*** Input for this task Section Begins ***

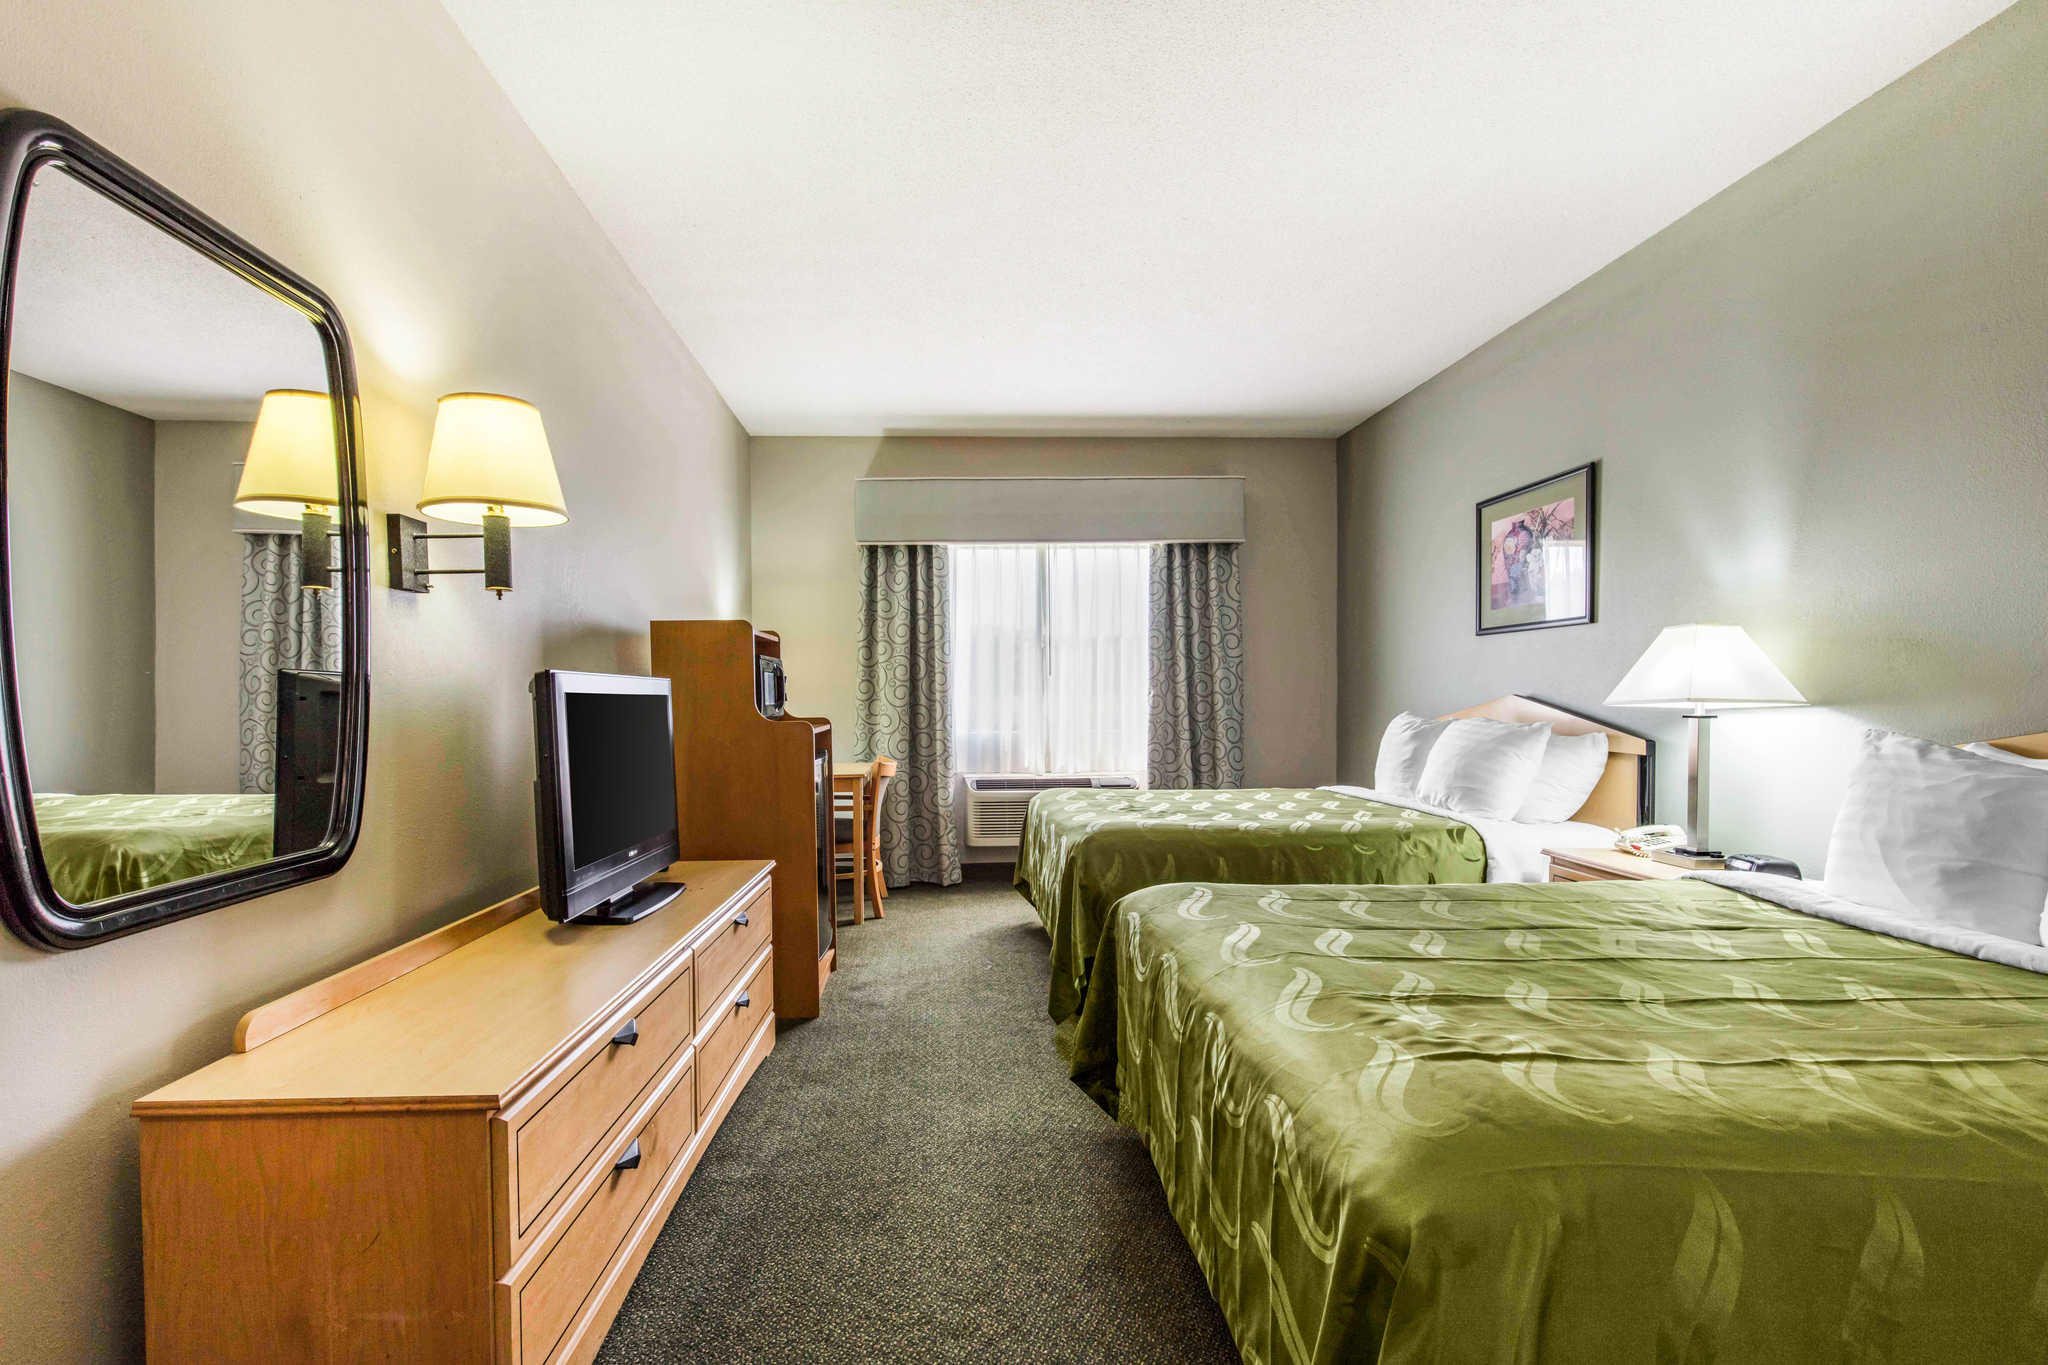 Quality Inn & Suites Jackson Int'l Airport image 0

*** Input for this task Section Ends ***
*** Input for this task Section Begins ***

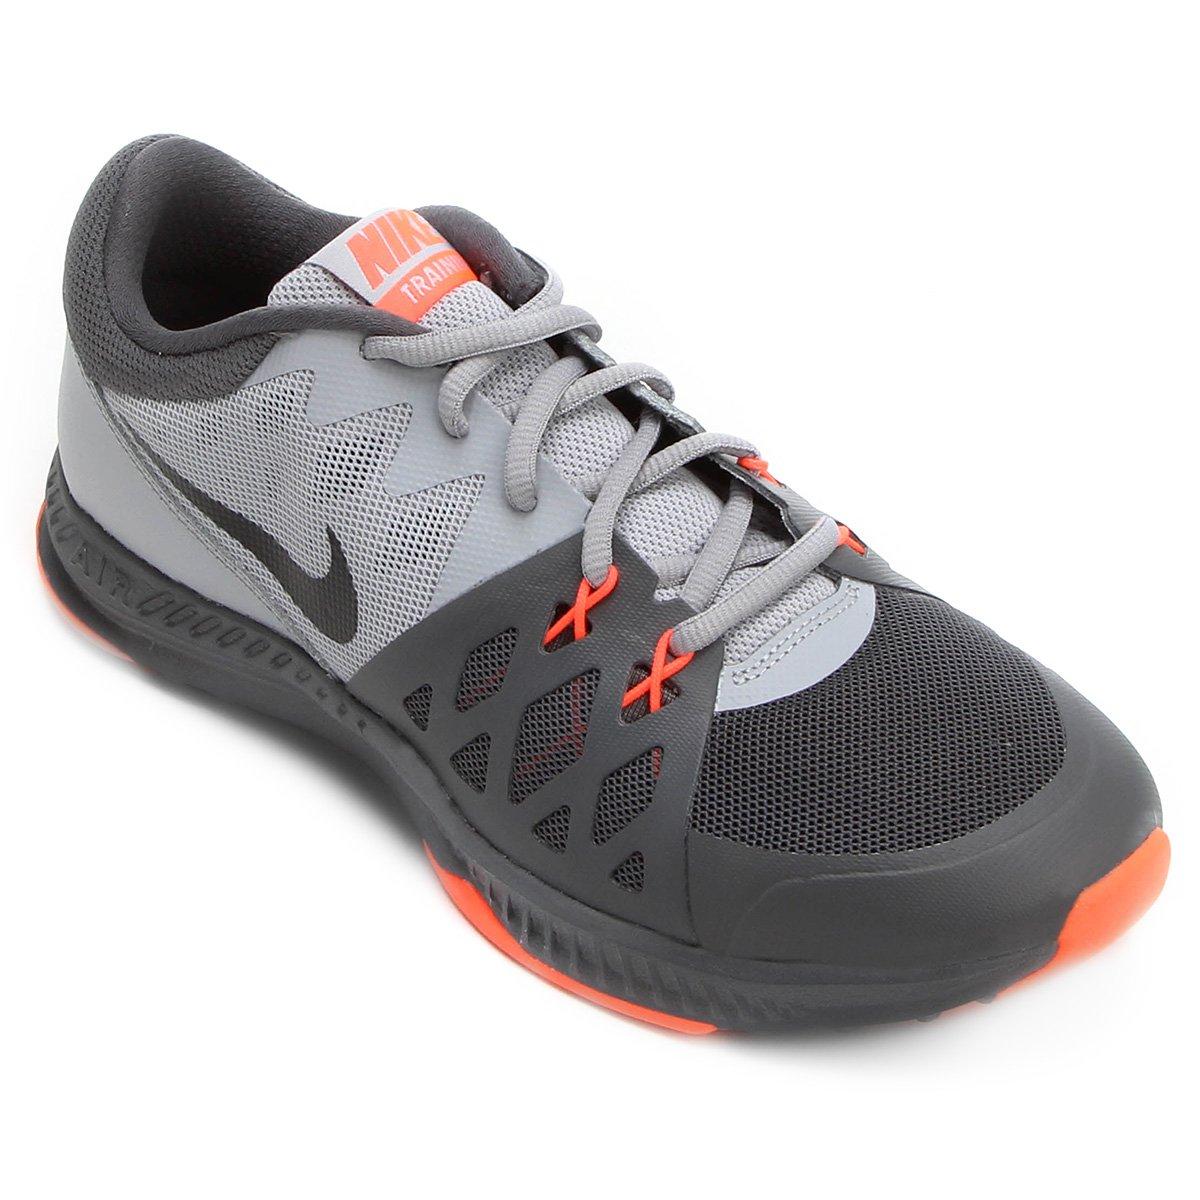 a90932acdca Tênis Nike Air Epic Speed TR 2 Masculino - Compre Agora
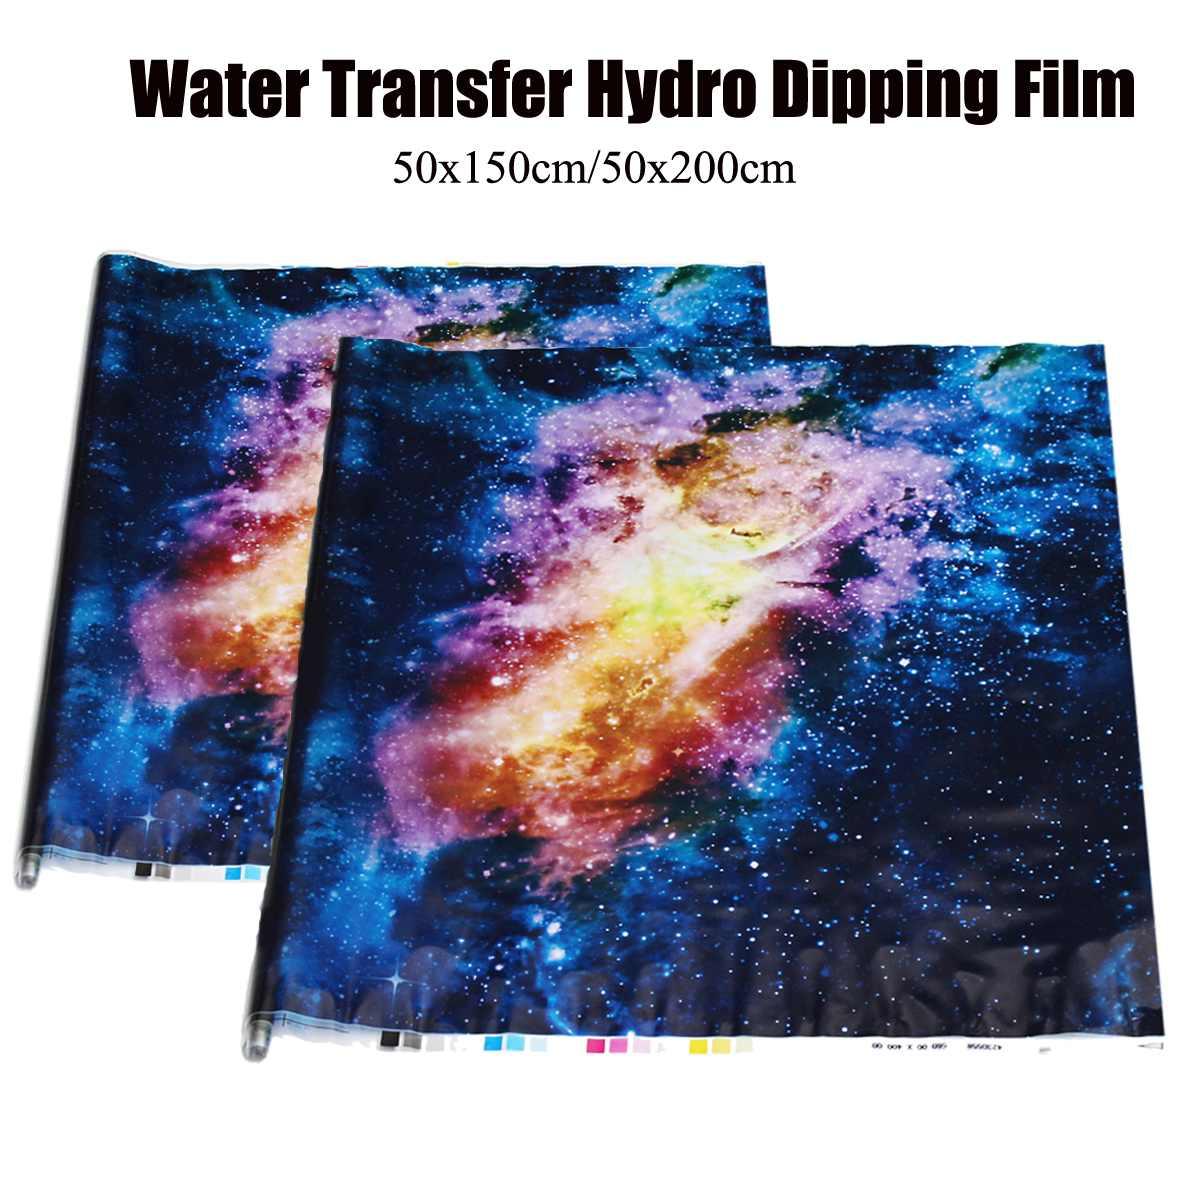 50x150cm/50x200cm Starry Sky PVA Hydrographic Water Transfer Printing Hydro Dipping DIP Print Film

*** Input for this task Section Ends ***

- **What the task asks**
Where a picture appears in the records above, omit it, and transcribe exactly the stretch of lines from the one with "a90932acdca Tênis Nike" through the one with "50x150cm/50x200cm Starry Sky".

- **Written response**
 a90932acdca Tênis Nike Air Epic Speed TR 2 Masculino - Compre Agora
 50x150cm/50x200cm Starry Sky PVA Hydrographic Water Transfer Printing Hydro Dipping DIP Print Film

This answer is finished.